Ласара Дэвис обладала умом, скверным характером и нежным нутром. Она считала себя ярко выраженным Тельцом и слепо верила в предначертания звезд. Однако ее мечта зарабатывать на жизнь в качестве астролога миллионеров не исполнилась. Все наоборот: она поддерживала дом случайными заработками, иногда довольно значительными, приготовляя ужины богатым дамам, которые потом бахвалились перед своими гостями возбуждающими антильскими кушаньями, якобы состряпанными собственноручно ими. Омеро был церемонно робок и не способен на большее, чем делал, однако Ласара не мыслила себе жизни без него, ибо в полной мере ценила невинность его сердца и калибр его ствола. Жили они ладно, хотя жизнь с годами становилась все жестче, а дети подрастали. К тому времени, когда появился президент, они уже начали пощипывать свои сбережения за пять лет. Так что, когда Омеро Рей обнаружил его в клинике среди больных-инкогнито, мечты их разгулялись.
Они не знали точно, что собираются у него попросить и по какому праву. Сначала решили продать ему погребение целиком, включая бальзамирование и отправку тела на родину. Но постепенно поняли, что смерть его не так близка, как показалось вначале. В день званого обеда их обуревали сомнения.
По правде говоря, Омеро не был руководителем университетских бригад, ничего похожего, и участвовал в предвыборной кампании всего один раз, когда была сделана эта фотография, которую они нашли чудом среди старых бумаг в шкафу. Но чувства его были горячими и искренними. Ему действительно пришлось бежать из страны после участия в уличном сопротивлении военному перевороту, хотя причиной столь долгого проживания в Женеве была всего-навсего слабость духа. Ложью больше, ложью меньше – какая разница, это не помеха, чтобы заслужить благосклонность президента.

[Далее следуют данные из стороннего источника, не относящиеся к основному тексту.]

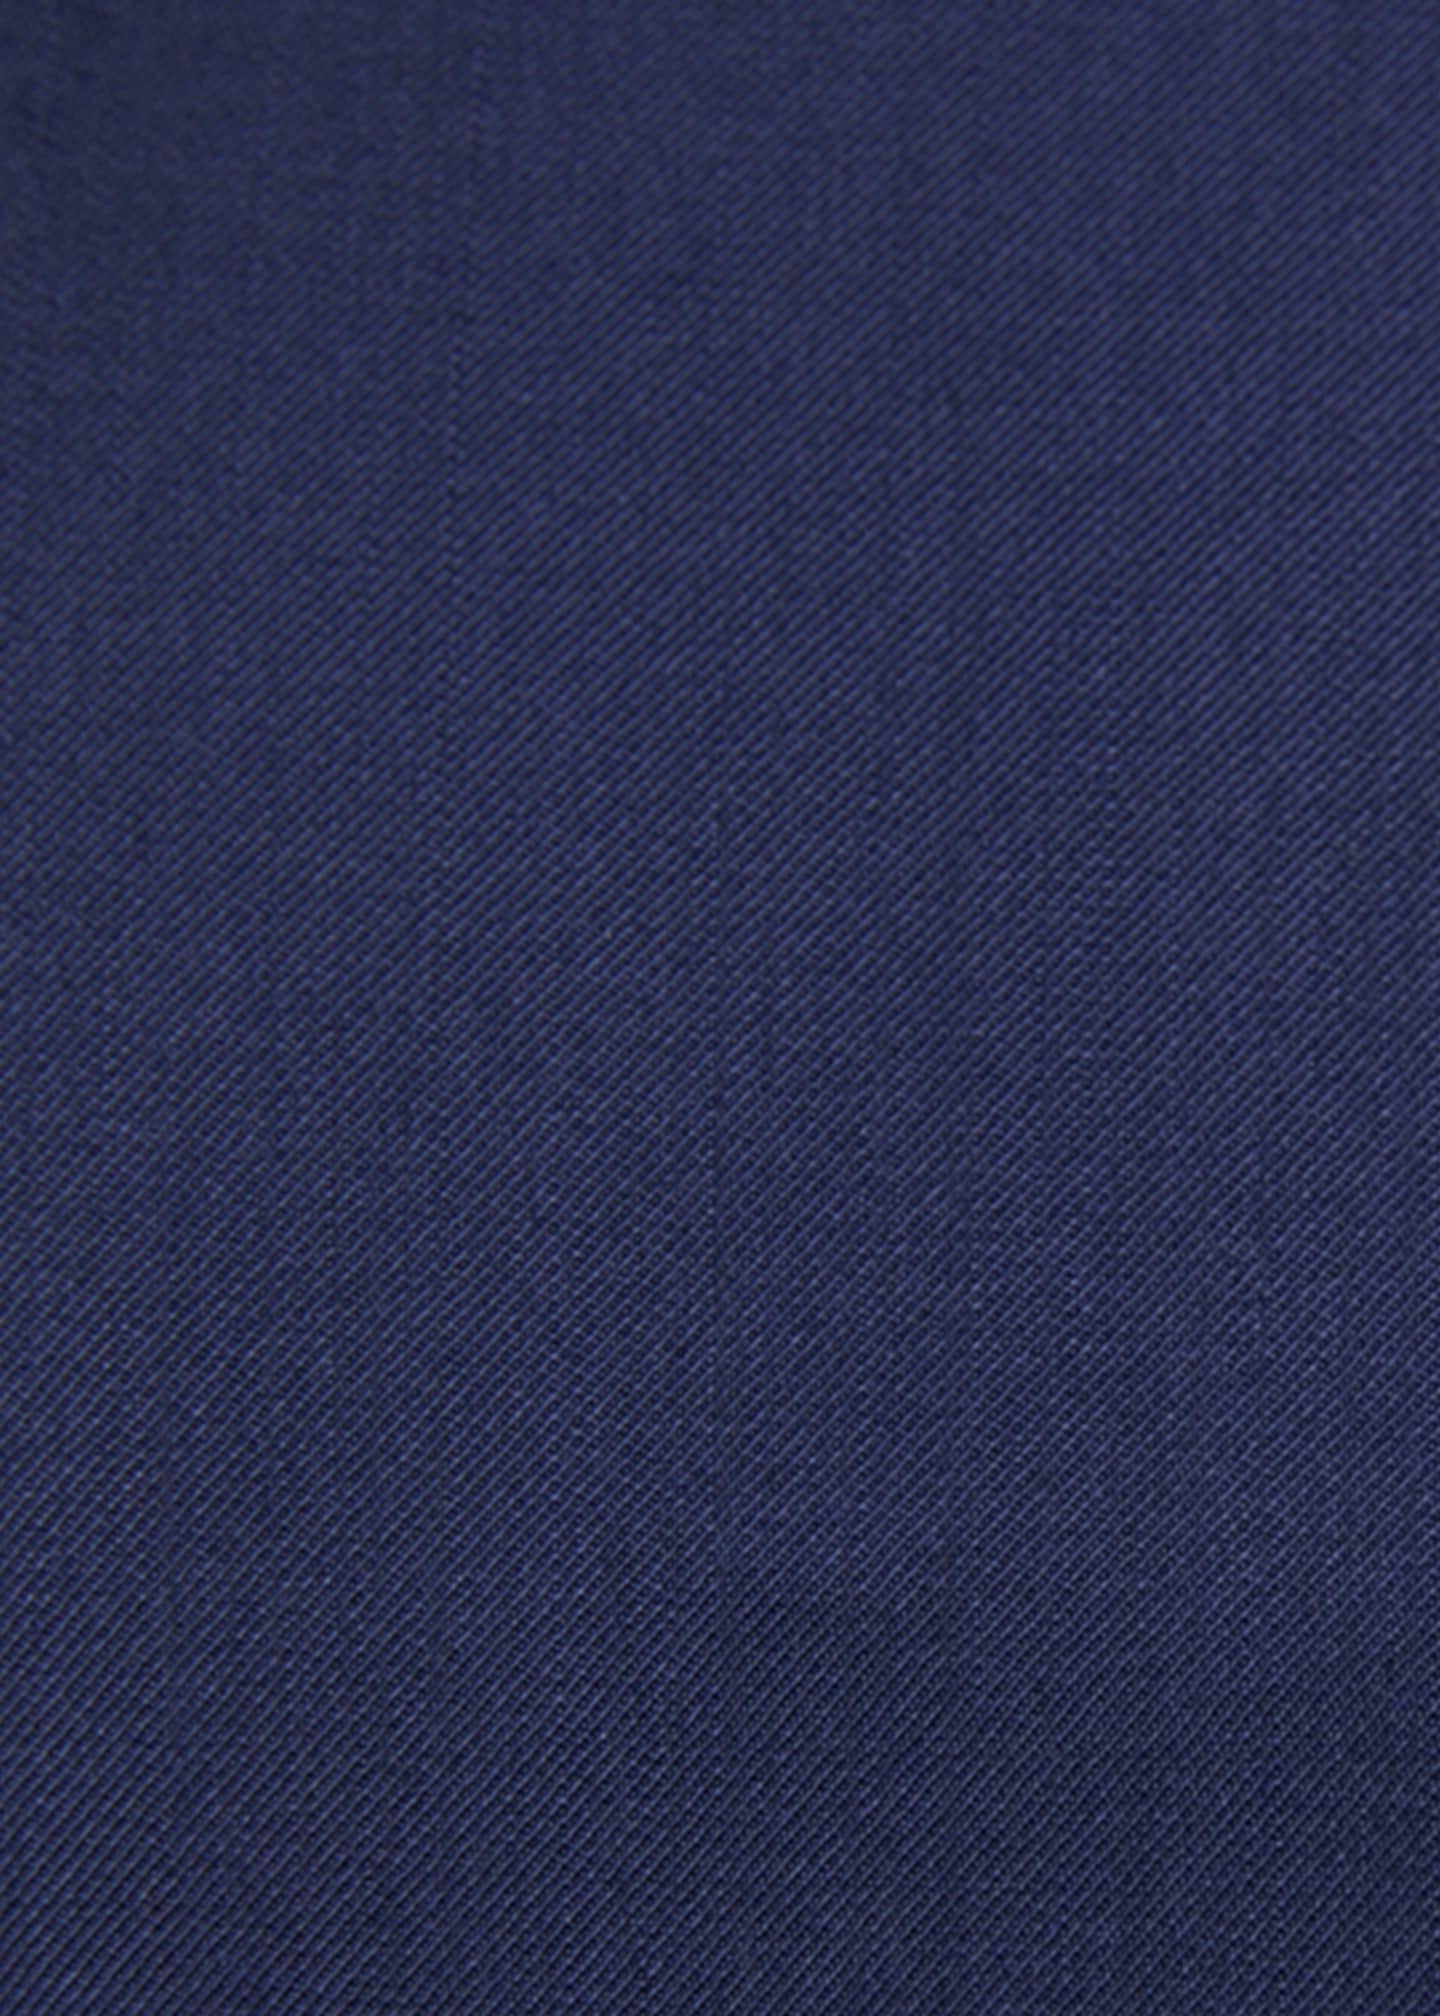 Ralph Lauren Purple Label Men's Gregory Hand-Tailored Wool Serge Blazer ...

Первый сюрприз для обоих: знаменитый изгнанник жил в отеле четвертого разряда в унылом квартале Гротт, среди азиатских иммигрантов и ночных бабочек, и питался в дешевых харчевнях, в то время как Женева изобиловала достойными резиденциями для политиков, попавших в немилость. Омеро видел своими глазами, как он изо дня в день делал то же самое, что делал в день, когда они познакомились. Омеро следил за ним и порою неосторожно сокращал дистанцию, сопровождая его в ночных прогулках по старому городу меж угрюмых, увитых желтыми колокольчиками стен. Он видел, как тот часами стоял, погруженный в мысли, перед памятником Кальвину. Он поднимался следом за ним, шаг в шаг, по каменной лестнице, задыхаясь от жаркого аромата жасмина, чтобы созерцать медленный летний закат с холма Бур-ле-Фур. Однажды вечером он видел, как тот, без пальто и зонтика, под первым осенним дождем стоял в студенческой очереди на концерт Рубинштейна. «Не могу понять, как он не схватил воспаление легких», – сказал Омеро жене. А накануне, в субботу, когда погода уже начала меняться, он видел, как тот покупал себе осеннее пальто с воротником из искусственной норки, но не в ярко освещенном магазине на Рюде-Рон, где всегда покупали изгнанные эмиры, а на блошином рынке.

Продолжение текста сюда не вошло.